По прошествии месяца с лишком по моей кончине объявлено в государстве всенародно о казни последнего из стрелецких вождей, Артемия Маслова. Кроме казнённых и сосланных, семьи стрелецкие по решению суда высланы из Москвы, стрельцы из провинциальных полков разжалованы в простые солдаты, а их семьи записаны в посадские. Сим завершается государево разбирательство событий осьмилетней давности.
А ещё много позже, в Персидскую кампанию одна тысяча семьсот двадцать второго года, июля двадцать третьего дня мой благодетельный брат, великий царь и великий князь Пётр Алексеевич отправил в Эндирейское княжество корпус генерал-аншефа Андрея Ветерани с приданными ему тремя ротами драгунского полка полковника Андрея Алферьевича Шневенца. К полудню на них напали войска местных владетелей Айдемира и Чапаншефкала и много побили тогда русского войска.
В том бою чеченской стрелой был сражён ротмистр, князь Петров Пётр Петрович, двадцати трёх лет от роду. Его денщику из вольных донцов, по счастью, удалось тогда вывезти тело князя Петра с ратного поля и схоронить в тайном месте, по дороге в главную «квартиру».

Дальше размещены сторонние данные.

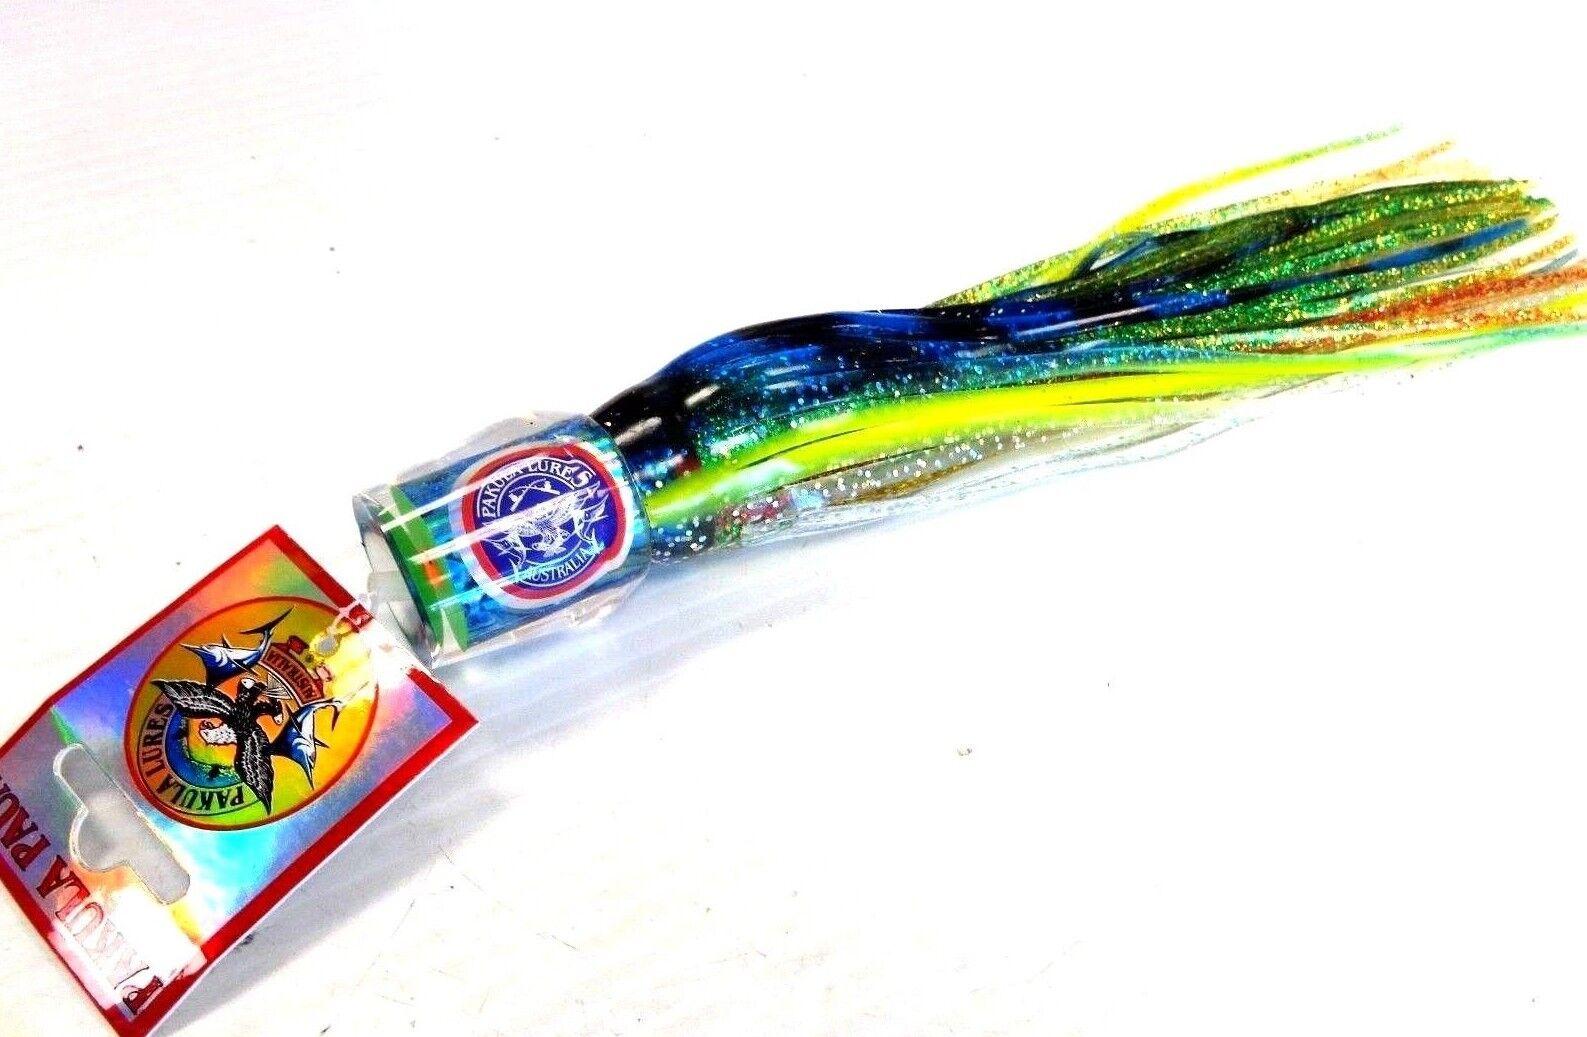 Pakula Mouse Hothead Big Game Trolling Lure - blueE ANGEL  - PDR035BA - Glow  on sale 70% off

Позже, решением полкового командира, за неимением наследников, воинское имущество князя, включающее коня и двух лошадок с обозной телегой, амуницию и оружие, девять рублей серебром и другое по мелочам, было отдано за геройство в собственность денщику, по выходу оного в отставку. При этом толстую кожаную папку с бумагами погибшего командир передал полковому архивариусу для последующей описи по окончании кампании. Среди прочих бумаг в той папке была стопка посеревших листов, исписанных округлым женским почерком с заголовком на первой странице: «Книга глаголемая. Жизнеописание царевны-инокини Маргариты, урождённой Марфы Алексеевны Романовой».
Но тут, по воле Вседержителя, случилась оказия – полковой обоз попадает в горскую засаду от владетеля Айдемира. При этом весь русский персонал стал перебит без остатка, а часть обоза и архив безвозвратно утеряны.
Да, и ещё, имение убиенного в Персидской кампании князя Петра, осьми десятин земли и в тысячу крестьянских дворов, что близь города Пскова, отходит в казну.
Но
Игуменья при погребении моём скажет: «Инокиня Маргарита Алексеевна прожила жизнь свою монастырскую в подвигах покаяния и смирения. Для нея только и радости было, что церковь Божия». А я бы ещё добавила: «…да дитятко, по воле Вседержителя рождённое!»
На надгробной плите моей напишут: «В лето от сотворения мира 7215 года, в лето же от воплощения Спаса Христа Господа нашего 1707 года июня месяца в 19 день, на память св. Апостола Иуды, брата Господня по плоти, в 12 часу дни преставися отъ маловременнаго жития сего к безконечной жизни раба Божия, великаго государя царя и великаго князя Алексея Михаиловича, всея великая и малыя и белыя России самодержца дщерь его, великая государыня, благородная царевна и великая княжна монахиня Маргарита Алексеевна, жившая в сей обители в монашеском образе с осьми лет, шесть месяцев и двадцать два дни, а от рождения всего жития ея пятьдесят пять лет, семь месяцев и одиннадцать дней. При последнем же сего света отшествии, не восхоте, якоже достоит ей, в церкви особливо положитися, но изболи и заповеда с любовью, смирения ради своего, в сей усыпальнице, со убогими монахини, во общей гробнице почивати до дне страшнаго пришествия Христова и общаго всех мертвых воскресения. По изволению сестёр ея благоверных государынь царевен Марии Алексеевны и Феодосии Алексеевны перенесены мощи благоверный государыни царевны монахини Маргариты Алексеевны под церковь Сретения Господня».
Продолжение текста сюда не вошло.